The "Denlow" Xeon E3 v3 platform, in early to mid 2013, would be the first Haswell workstation / entry level platform, just after the Ivy Bridge based Xeon E5 v2 platform appears – odd roadmap schedule, isn't it?
Unlike the extremely slow technology transition for the high end server CPUs, we've got much faster plans by Intel to embrace the mainstream CPU line into the entry level workstations and servers. So, while the Ivy Bridge based Xeon E5 v2 will be out likely early to mid next year, well over a year after the Ivy Bridge desktops, and same for the Haswell based Xeon E5 v3 a year later, the 'Xeon E3' parts don't suffer that fate – well, they are the rebadged desktop parts after all. The Ivy Bridge based Xeon E3 v2 was available soon after the desktop Ivy Bridge parts.
Therefore, soon after the desktop LGA1150 Haswell platform arrives early next year, it will be followed by 'Xeon E3 v3' follow up and its associated Denlow platform. Using the very same quad core dual channel DDR3 die, with GT3 graphics option and L4 external cache die (this time used for 3-D workstation tasks), and the new platform will have a bunch of Intel's own uATX boards supporting it. With the improved memory controller, two ECC DIMMs per channel will now run at DDR3-1600 speed, according to Intel material – but then, we see that running without problems even at higher speeds with Ivy Bridge anyway.

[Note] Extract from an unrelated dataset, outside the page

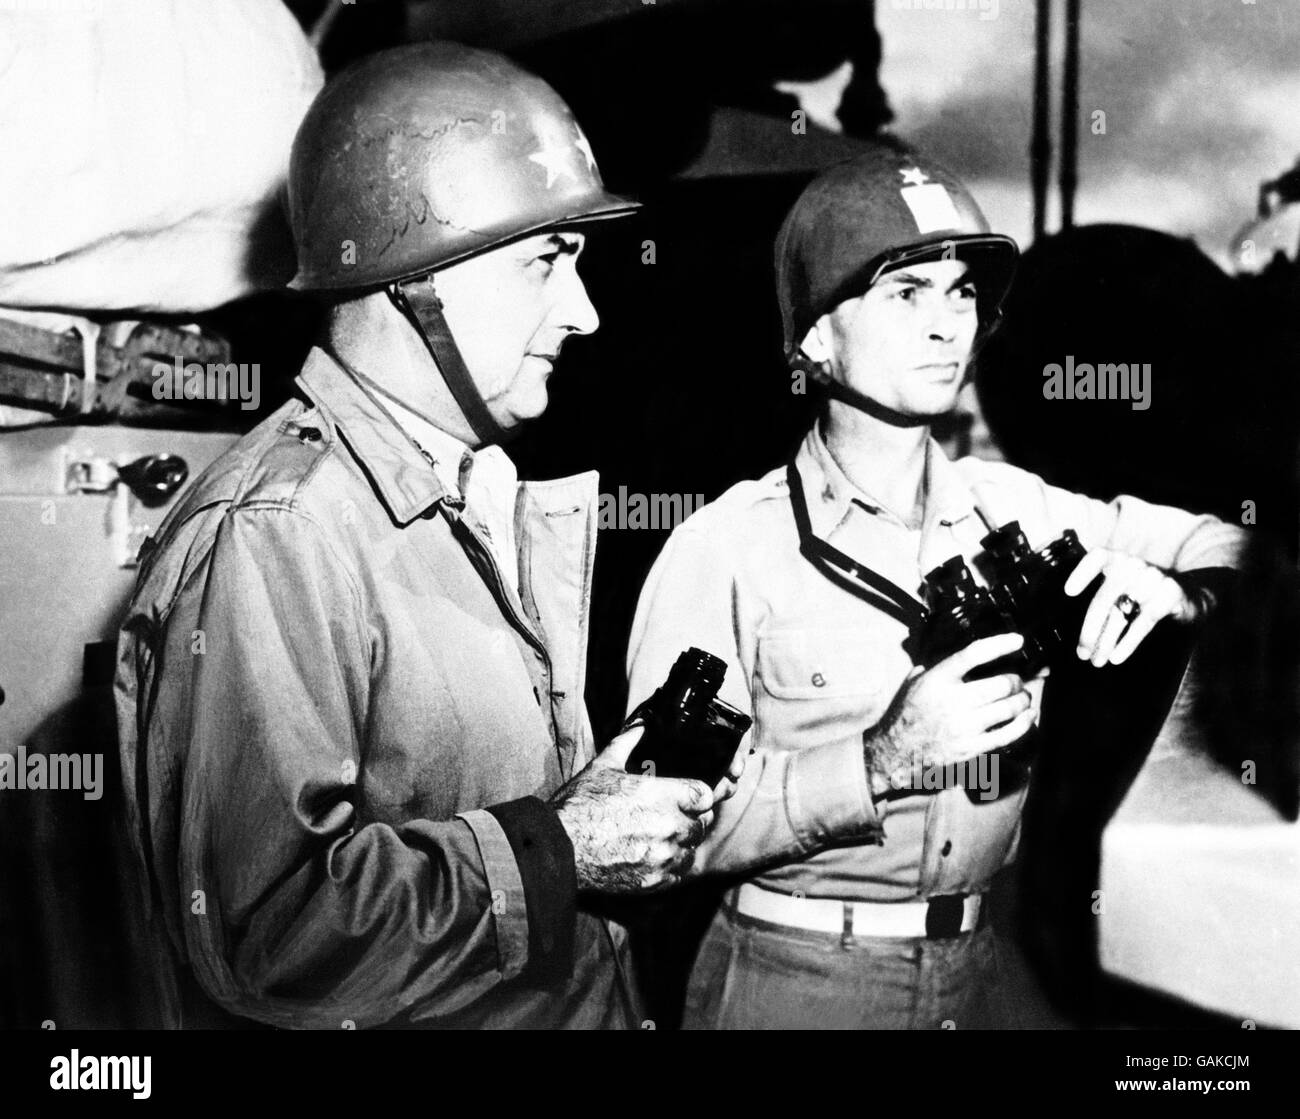 Task Force auf dem alarmiert Vizeadmiral Arthur D. Struble (links), und sein Stabschef, Captain George T. Mundroft, auf der Brücke des schweren Kreuzers Flaggschiff einer gemeinsamen britisch-amerikanischen Task Force in fernen östlichen Gewässern während eines Luftangriffs Alarm. Stockfoto

The key Haswell improvements, like higher efficiency core with more instructions per clock, as well as FMA and integer handling extensions for AVX, will see greater benefits in workstations than in servers. The lower per core power consumption and fully integrated voltage regulation within the chip, though, will be more beneficial for the entry level server folk. Otherwise, the system features at board level will look pretty much the same as Ivy Bridge, with 16 PCIe v3 lanes, USB3, SATA3 and other interfaces thrown in.
One interesting usage model for the Xeon E3 v3 next year is the super compact OpenGL & OpenCL certified 3-D mini workstation for architectural, engineering and multimedia use, where 'good enough' performance – remember the AMD speak for their APU here – coupled with key apps certification, could help Intel break further into the Nvidia-dominated workstation space and kick out low end Quadros along the way. AMD "Trinity" based workstation APUs attack the same category, by the way.
Either way, it's kind of pity that Intel seems to widen the gap between the mainstream and high end parts further as we go along. Look at the Ivy Bridge example – the desktop parts arrive in 2Q 2012, the server ones likely only in 2Q 2013, and the poor sods depending on the high end desktop LGA2011 may have to wait till 3Q 2013! Well, when one is the sole leader at the top, well, he can afford to delay and nix the schedule as he wishes, as there is no other vendor breathing down its neck – Chimpzilla, where art thou? Do we need a new challenger?